Listed entries:
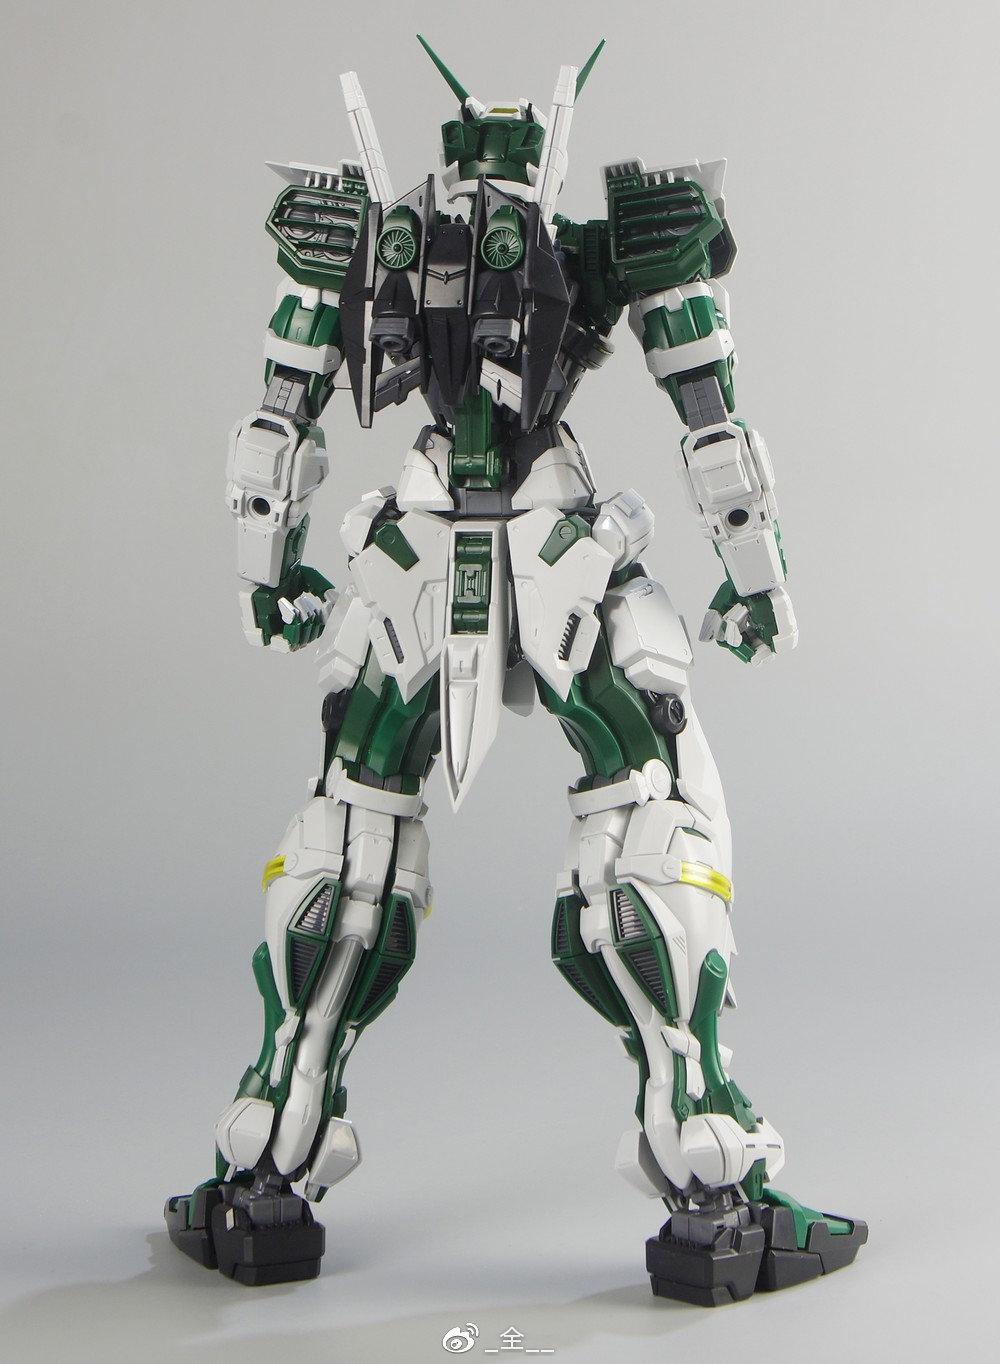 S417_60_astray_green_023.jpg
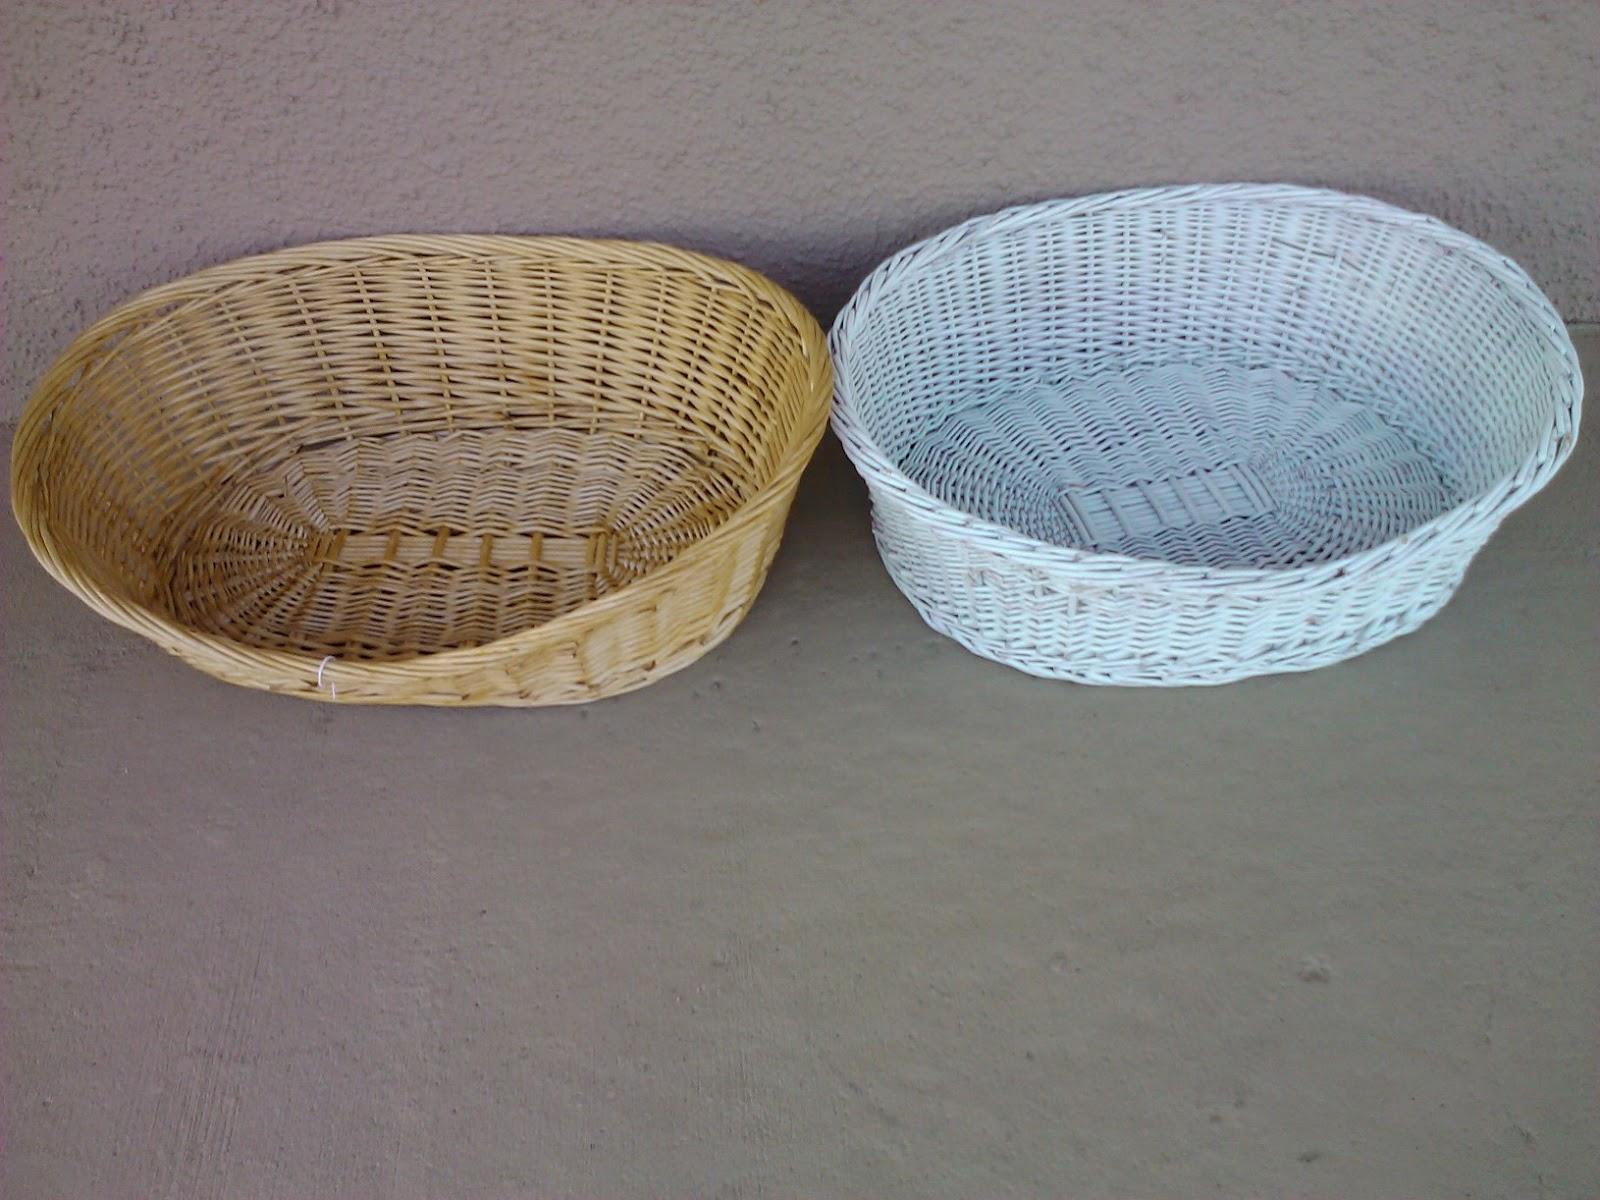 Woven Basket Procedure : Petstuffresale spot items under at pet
* * *
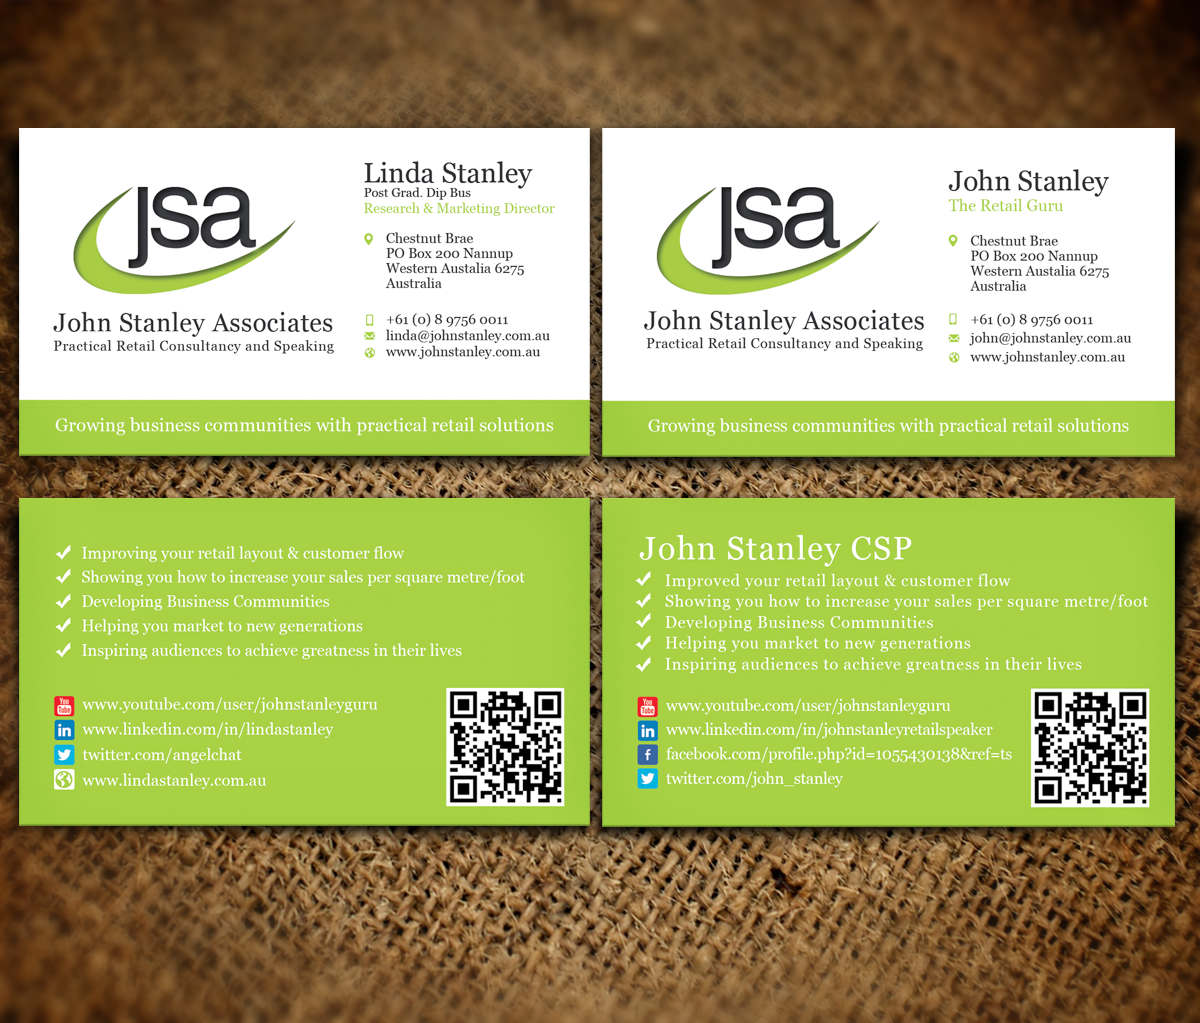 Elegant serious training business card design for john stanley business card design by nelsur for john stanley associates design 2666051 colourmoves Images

Assigned task: Retype the lines above exactly as they appear, from the line containing "S417_60_astray_green_023.jpg" through the line containing "Woven Basket Procedure", and leave out any pictures.

Task output:
 S417_60_astray_green_023.jpg
 Woven Basket Procedure : Petstuffresale spot items under at pet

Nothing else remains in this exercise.